- The Washington Times - Thursday, April 17, 2008

NEW YORK — Four years ago, a poll of cadets at South Korea’s premier military academy found more entrants considered the United States their nation’s worst enemy — worse than North Korea.

Today, Washington leaders will meet a new South Korean president who is determined to change that frame of mind.

“The days of ideology are over. The politicization of alliance relations shall be behind us. We shall not let ideology and politics blind us from common interests, values and norms,” Lee Myung-bak told the Korean Society at the beginning of a five-day trip to the U.S.

Mr. Lee, sworn in for a five-year term just two months ago, also enjoys a majority in South Korea’s legislature for his conservative Grand National Party.

The recent presidential and parliamentary elections mark a sharp turn in South Korea’s political climate, with voters weary after spending billions of dollars in hopes of promoting peace with North Korea only to see the North develop and test an atomic bomb.

“There have been some concerns about a possible weakening of the Korea-U.S. alliance in recent years,” Mr. Lee told the New York audience at the start of his first overseas trip as president.

“I assure you that we should and we will move forward,” he said.

Business dominated the first two days in New York, in which Mr. Lee explained that Korea is in the process of opening banks, brokerages and other financial firms to outside investors.

“The president wants to assure them that this will make it easier for them to do business in Korea,” said an official in the South Korean consulate in New York, who requested anonymity because he was not authorized to speak with reporters.

Mr. Lee arrived in Washington late yesterday for meetings with congressional and administration officials, plus a rare overnight stay with President Bush at Camp David.

U.S. and South Korean national security will be a major topic of discussion.

Six-nation talks on North Korean atomic weapons have been stalled for months by the North’s reluctance to provide full information on its nuclear past.

North Korea, miffed at Mr. Lee’s landslide election win in December, has since responded with missile tests, threats and insults.
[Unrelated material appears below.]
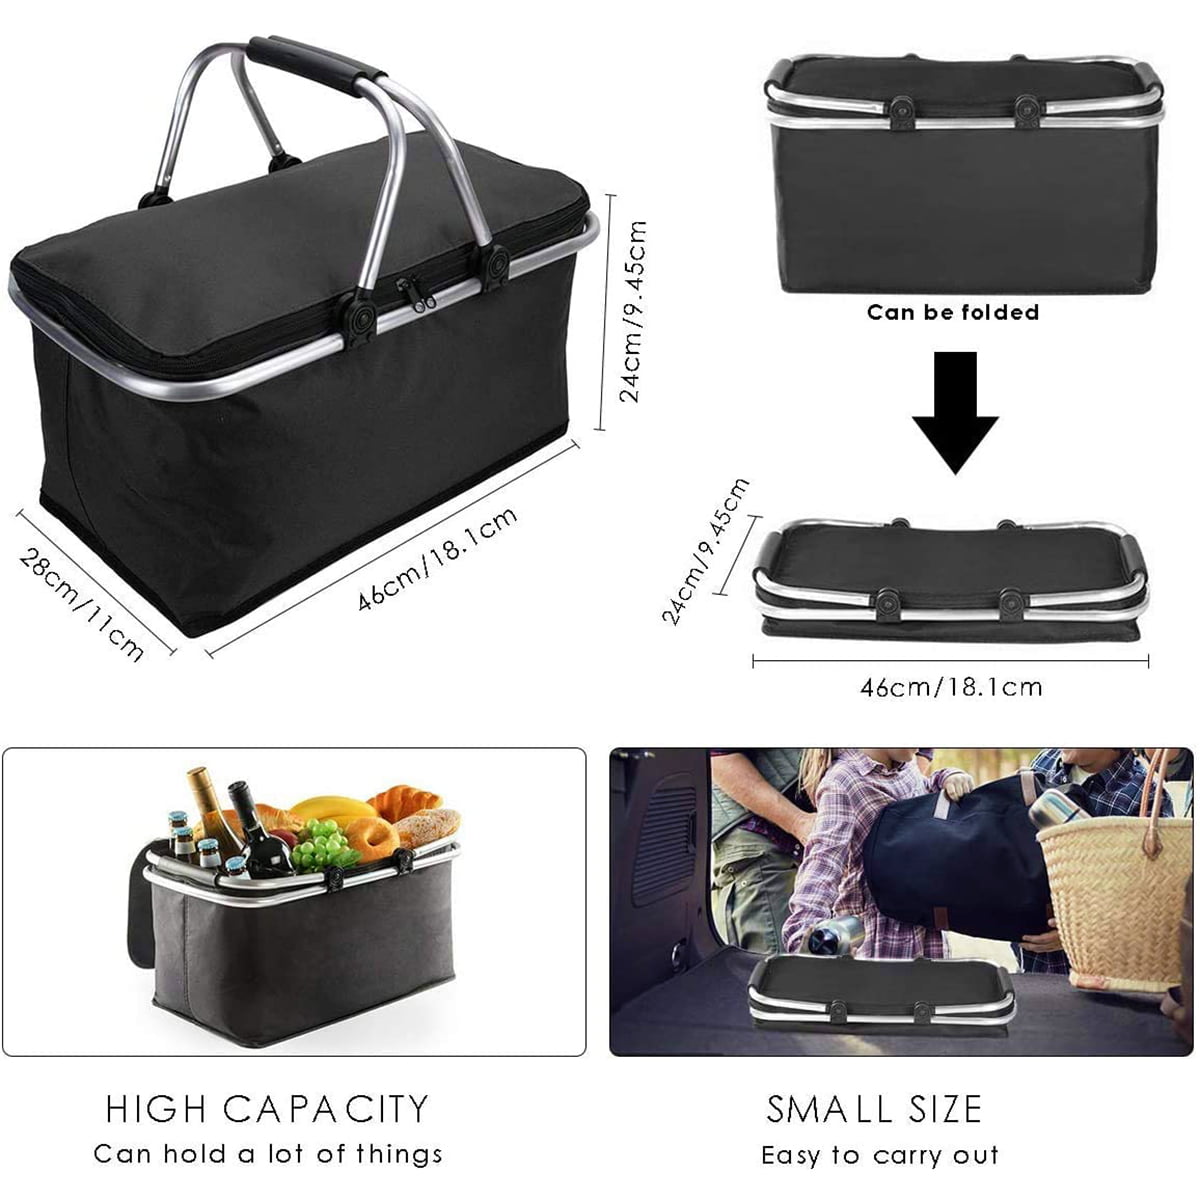 DKISEE Large Size Insulated Picnic Basket 30L Folding Cooler Bag Zip Closure Basket with Carrying Handles Black

The Rodong Shinmun, the leading newspaper in North Korea’s government controlled media, called Mr. Lee an “absent-minded traitor” and a “U.S. sycophant” earlier this month in its first direct comments on the election.

It also warned that Mr. Lee’s policies would have “irrevocable catastrophic consequences.”

To illustrate the shift in South Korean attitudes, Kim Choong-bae recalled a 2004 survey he conducted of incoming cadets while serving as head of the Korea Military Academy in Seoul, South Korea’s equivalent of West Point.

In the poll of 250 cadets admitted to the school for future army leaders, as many as 34 percent named the United States as the country’s biggest enemy while 33 percent listed North Korea, he told United Press International.

For its part, Washington is eager to cement ties with the Lee administration, a key ally in its dealing with North Korea, as well as China’s emergence as an unpredictable superpower.

South Korea is already a vital U.S. business partner, with bilateral trade approaching $100 billion last year, and direct investment exceeding $30 billion.

U.S. Commerce Secretary Carlos Gutierrez eyed the Korean economy with as much appetite as the dinner guests their steak at New York’s Plaza Hotel on Tuesday night.

Beef is a point of trade friction between the two countries as they attempt to revive a long-stalled free-trade deal.

“American workers, farmers, innovators, manufacturers and service providers will benefit from improved access to Korea”s nearly trillion-dollar economy,” Mr. Gutierrez told the black-tie crowd. “And Korea will have access to the largest economy in the world.”

In an election year, the Democrat-led Congress has shown little inclination to ratify new trade pacts.

The U.S. and South Korea fought a three-year war triggered by a North Korean invasion, which ended in a 1953 armistice instead of a peace treaty.

Today, nearly 30,000 U.S. troops are based in South Korea.